Invisible Kathmandu in the Aftershocks

“For those of you fleeing Kathmandu, please don’t come back!” These are facebook updates that is among the few themed statuses that have congested my newsfeed recently. According to these status, fleeing  Kathmandu, when it needs you the most is outrageous, especially since you came and got so much from Kathmandu. Apart from people whose families are in the affected areas, for those who think Kathmandu is unsafe after the earthquake and flee, they just betrayed the city that offered them so much. Is it?

500 buses left from Kathmandu in the last 5 days – all transporting people. People going to the far West or the far East are the only ones being dropped fully to their destinations, the rest are being dropped off at Chitwan and other nearby places. Despite the cracks in Araniko Highway, people paid no heed, they just reserved the buses and left. Doctors in interviews are telling that there will be spread of disease most probably. Labors, and the poor people who do not have access to internet, and news, they are just leaving. Madhesi people from Tarai are just walking back on foot. Kathmandu does not seem as congested as before. It looks almost empty. This I heard as I skyped with somebody is never online.

On the other hand, facebook updates and anthropological articles articulate the need for the relief workers, volunteers and the government to go outside Kathmandu. Those places and villages affected but invisible in posts about Nepal earthquake must get relief. And indeed, Nepal quake is not just the ruined “World Heritage” sites whose photos float in the internet. But to analyse the situation as just the rural and the urban divide, as Kathmandu and non-Kathmandu, is just too plain to capture the complex place that Kathmandu is and the complex relief responses it required and requires. It seems to be much based on Kathmandu represented in the social media particularly after the earthquake.

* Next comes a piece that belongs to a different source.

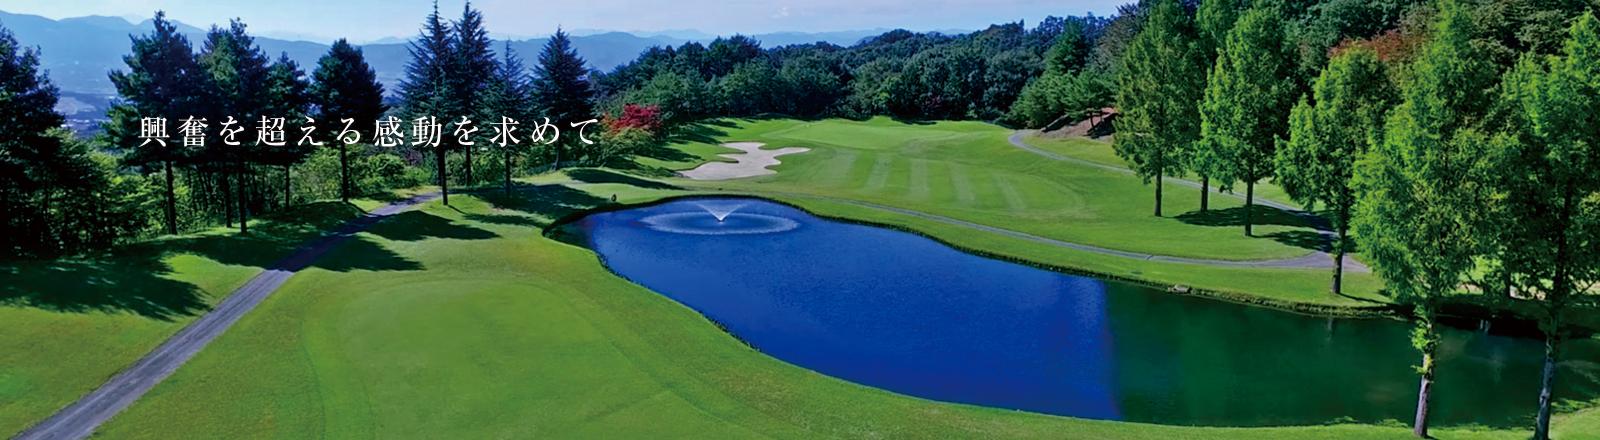 ゴルフコース|興奮を超える感動求めて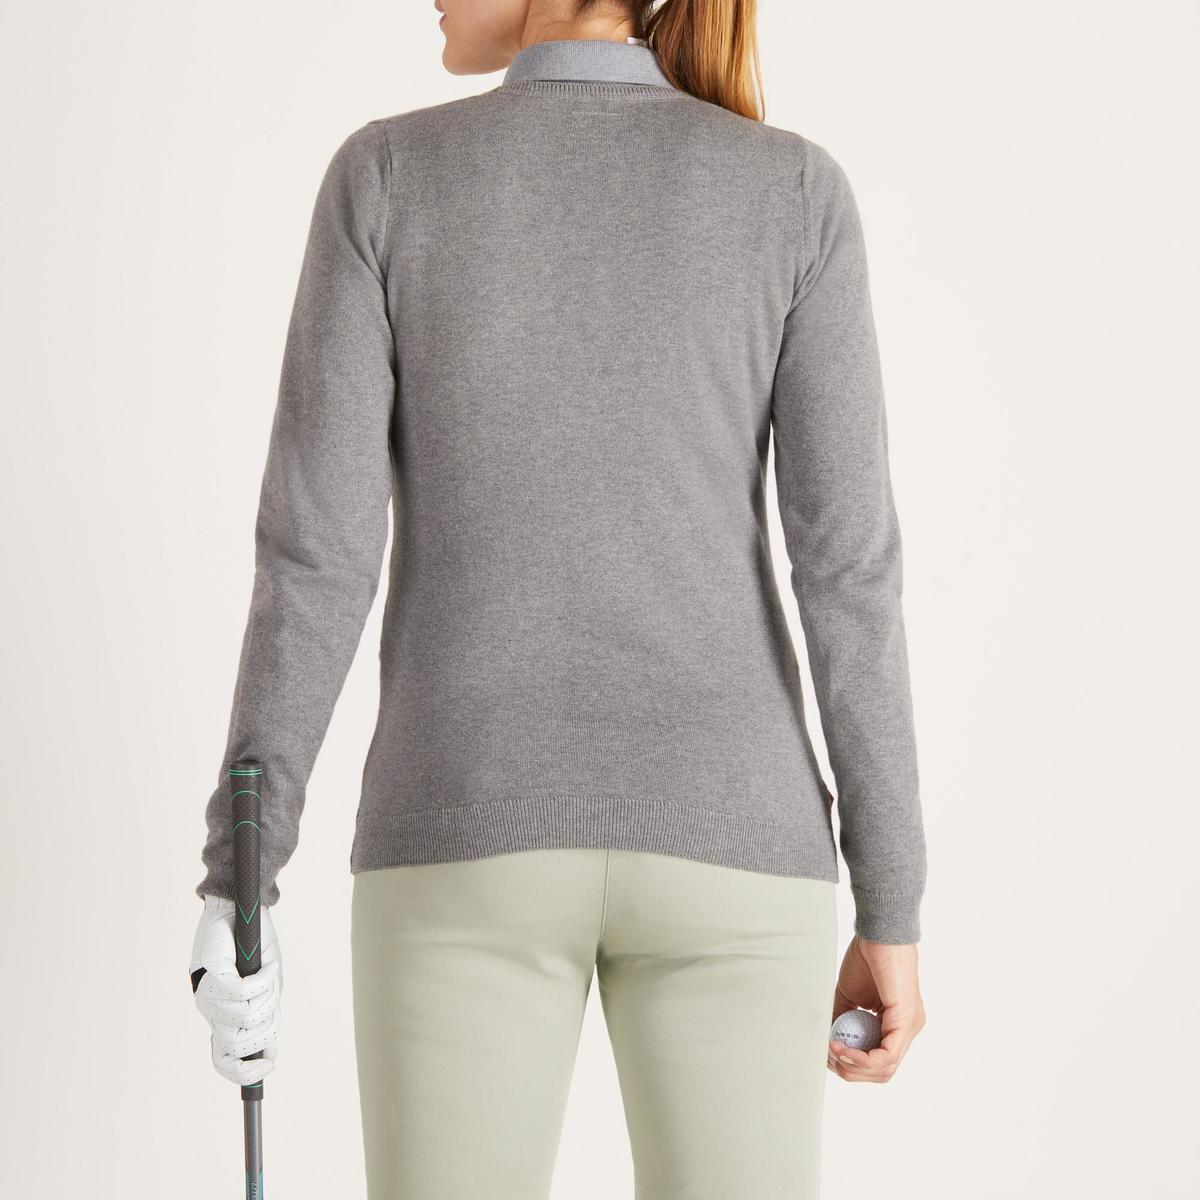 Bild 3 von Golf Pullover Damen grau

Who represents Kathmandu in social media? Who has the resources to do so in times as earthquake, the labor worker or the elite? The facebook newsfeed is obsessed with the #GoHomeIndianMedia, or just rants (this blog post included). But who will represent the needs of these workers who have but to leave, to cope with what the earthquake and the response it has brought. Talk of spaces represented in the internet: Dharara, Basantapur, is all Kathmandu is, according to reactions in social media (look at the coverpage, profile pictures of groups formed). It took a week before a first glimpse of Gongabu,and New Buspark that was so hard hit, but these are places not many high-fis live. Where are the cries of help for those carpet workers in the basement of the building that sunk into the ground two floors in Gongabu? We had cries for villages where the anthropologists had deep connections with, for villages that some other person had a connection with, or for Langtang or for Everest from somebody or relatives of those trekking there.  But what about people who are so close to the center, Kathmandu and yet so far away from its attention? Aren’t these chatters about Kathmandu as the center as getting all the relief, reinforcing the idea  about people who have lived and worked in Kathmandu but told in a thousand different voices that they do not belong? Does it not refuse to see them?

Such an umbrage at the government for its lousy response to relief, such frustration. Of course, the relief is urgent and it is understandable, but the reactions of some on facebook and twitter seemed as if it was the first time they had come to face the reality of the government i.e. materially when tents and water, basic urgent necessity during earthquake, could not be provided by the government. Wake up! The state has always failed to provide the basic need even in Kathmandu. Let us take water and electricity. Some of us have been cushioned to experience the crisis in basic needs of the everyday. Thanks to our  ability to afford inverters, generators and private drinking water. Government not being able to provide tent, even when you live in the center, is not the end of the world for people who have had to face the lousy government every single day. They have spent hours in queues to fill a gallon of water from a nearby  stone tap; spent days being baked under the mid-day sun as they carried back the gallon on a doko; they are the ones who have had to face the “load shedding” without the private generators or inverters.

Nepal is a central state, plus Kathmandu is the place with an international airport. People have to come to Kathmandu for office work, for education, for jobs. If the “middle class”in Kathmandu goes to Java for a 200/- cup of coffee, the rikshaw pullers,  the street vendors, and the factory workers work all day to come close to earning that amount. Relief may land on the Tribhuvan International Airport, and there may be tents and supplies in Kathmandu, but these people have not received them. Worse is, their need is not known, they are not even counted among people whose situation is unknown. To everyone, but to them and a few others, they are not Kathmandu. From articles that float the idea of “rural areas” alone, Kathmandu is only the rich and the powerful; the rural and the needy do not live in Kathmandu. What good is it then, for those who equally need help, but who are refused to be seen just because they are “not Kathmandu” in Kathmandu. What would they do but to leave Kathmandu? And nobody sees them even as they do.